– C'est la bande-annonce de ce qui nous attend cet été…
– Tu es sûr que c'était un moustique ?
– Sûr et certain. Comme on l'est lorsque l'on dort.
– Tu as été piqué ?
– Non, je pense qu'il est passé en éclaireur.
– Ça ne t'a pas empêché de dormir, je t'ai entendu ronfler...
– J'ai eu chaud.
– Tu as cru y passer ?
– Non, réellement…
– Comme lorsqu'on rêve ?
– Justement, j'ai fait un drôle de rêve : Eddy Mitchell était mort.
– Quoi ?
– Eddy Mitchell.
– Je pensais qu'il était déjà mort...
– Ne parle pas de malheur.
– Tu aimes Eddy Mitchell, toi ?
– Je ne sais pas. Un peu. Disons qu'il m'est familier. Tu vois, la mort de Johnny m'a laissé totalement indifférent, mais celle de tonton Eddy me chagrinerait, je pense... Je l'ai beaucoup écouté à une certaine époque.
– Tu étais triste ?
– A cette époque ?
– Dans ton rêve.
– Certainement. Bouleversé, dirais-je – si on utilisait dans les rêves le même vocabulaire frelaté que dans notre pauvre réel…
– C'était quelle époque ?
– Dans le rêve ?
– Celle où tu écoutais Eddy Mitchell.
– L'adolescence. J'étais baigné de variétés, de chansons populaires, comme disait l'autre. Avec les radios, qu'on nommait périphériques, que mes parents écoutaient, la télé...
– La Dernière séance.
– Oui. Mais ça, c'est venu après. Je ne ratais aucune diffusion. Ce qui plaisait tant à un pauvre type comme moi, qui n'avait aucune culture, c'était la salle de cinéma, le dessin animé de Tex Avery, les anciennes pubs et la double programmation. On regardait ça en famille... Sans parler évidemment de la présentation des films, un mot sur le réalisateur Budd Boetticher ou John Sturges, tout cela avec le ton de tonton Eddy, son humour...

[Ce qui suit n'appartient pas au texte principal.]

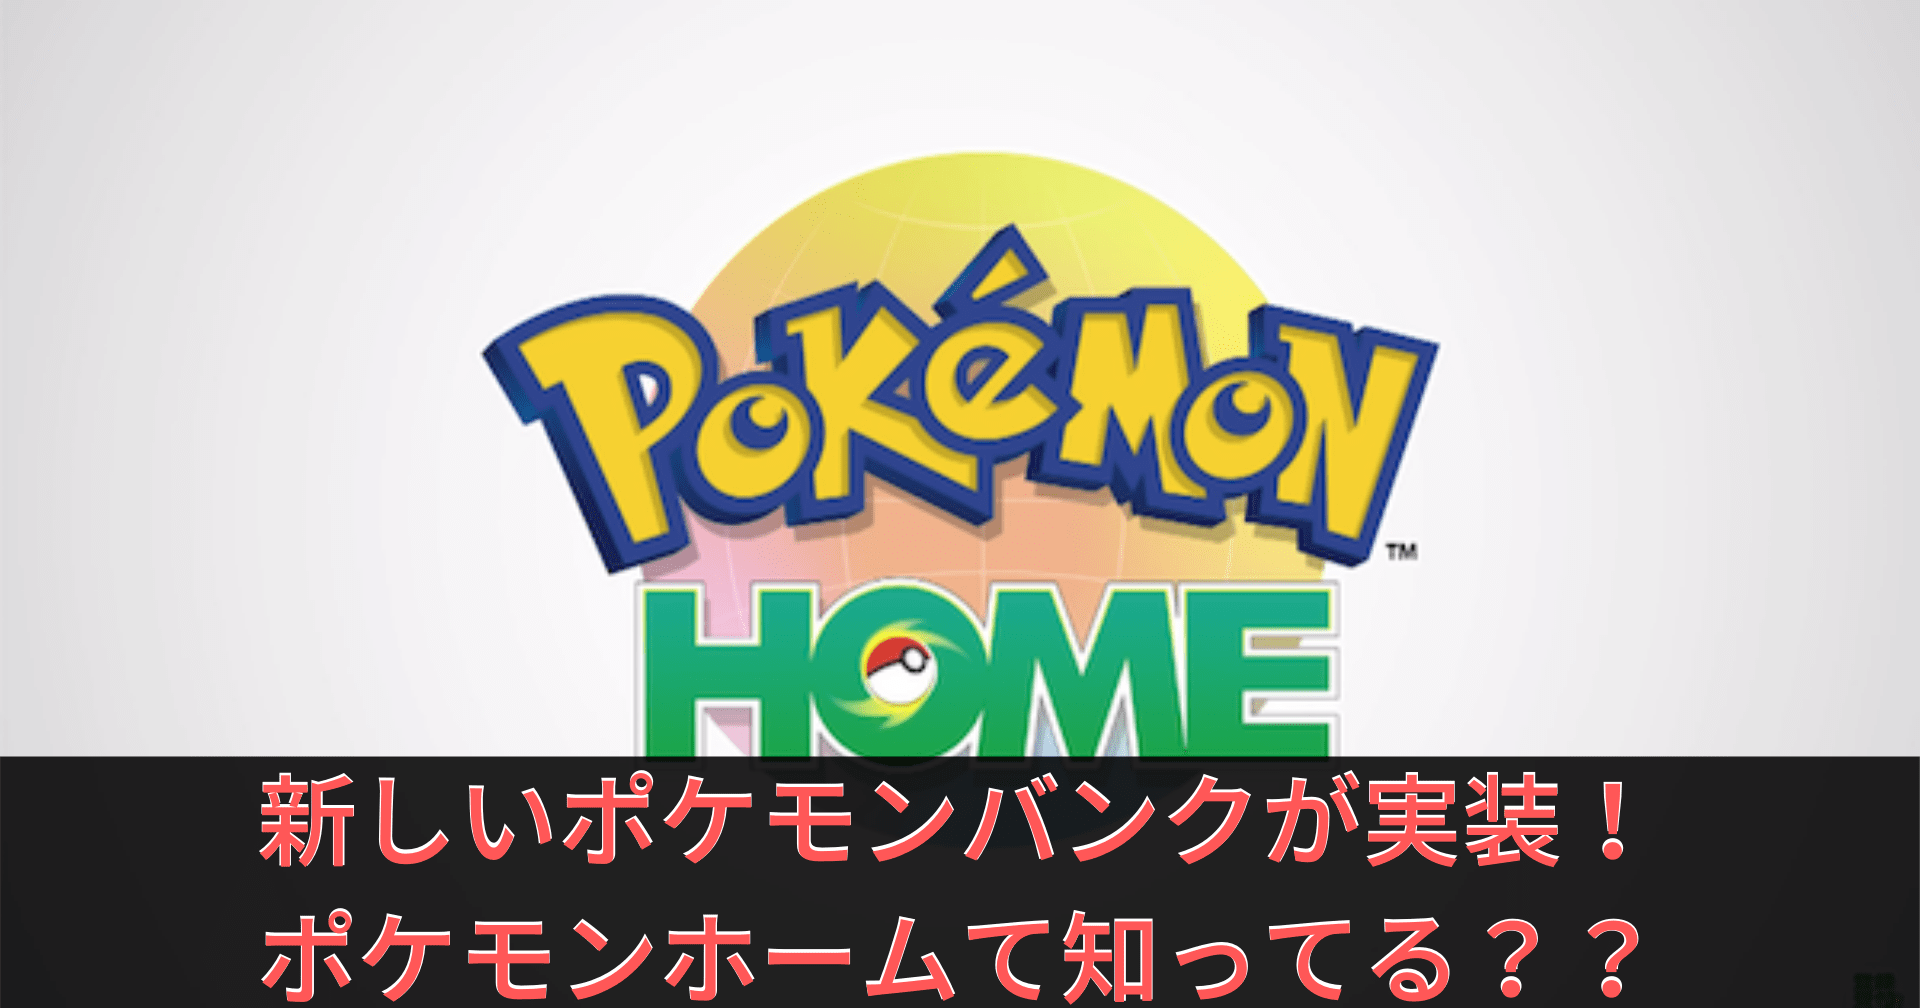 ポケモン ホーム 3ds ポケモンバンク から Pokemon Home へポケモンを送る方法

– C'est drôle, il ne m'a jamais beaucoup intéressée. La seule chanson dont je me souviens, c'est « La Fille aux yeux couleur menthe à l'eau ».

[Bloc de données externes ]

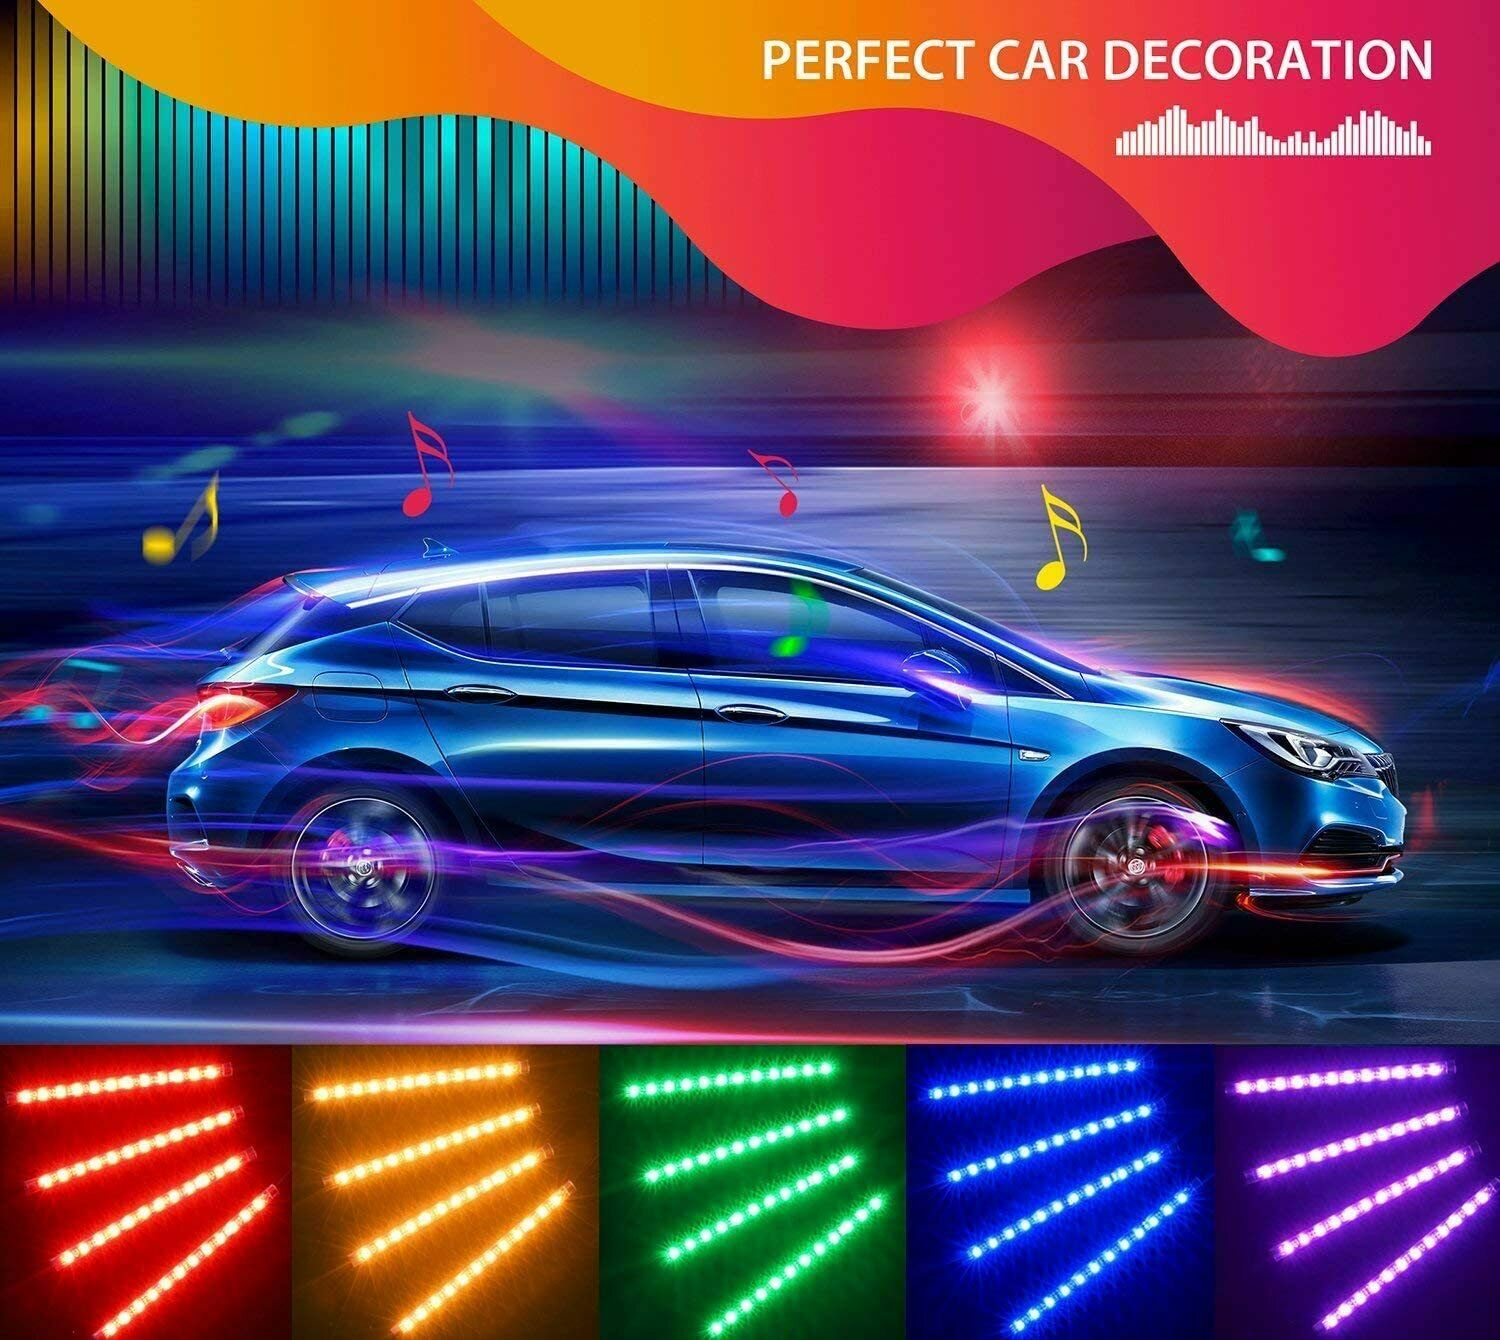 Striscia LED per illuminazione interni auto, 48 LED multicolore

– Je crois que le titre était plus court, mais oui, c'est une belle chanson. Dont je n'ai saisi les paroles que bien plus tard. Mais j'aimais ce type avant les années 80. Avec des chansons comme « Le Parking maudit ».
– Il avait le sens des titres !
– Je te sens moqueuse.
– Avoue que ce n'est pas commun, une chanson sur un parking.
– C'est surtout une chanson sur des contractuelles.
– De mieux en mieux...
– Des filles pas très jolies qui sont contractuelles le jour. Mais gagnent leur vie la nuit, devenant belles dans le noir.
– Sur ce fameux parking ?
– Tu as tout compris.
– Ce n'est pas possible. Là, c'est toi qui te moques !
– Pas du tout. Et ce n'est pas fini. Tu ne connais pas le père Moine...
– Le père Moine ?
– Tonton Eddy, alias Claude Moine.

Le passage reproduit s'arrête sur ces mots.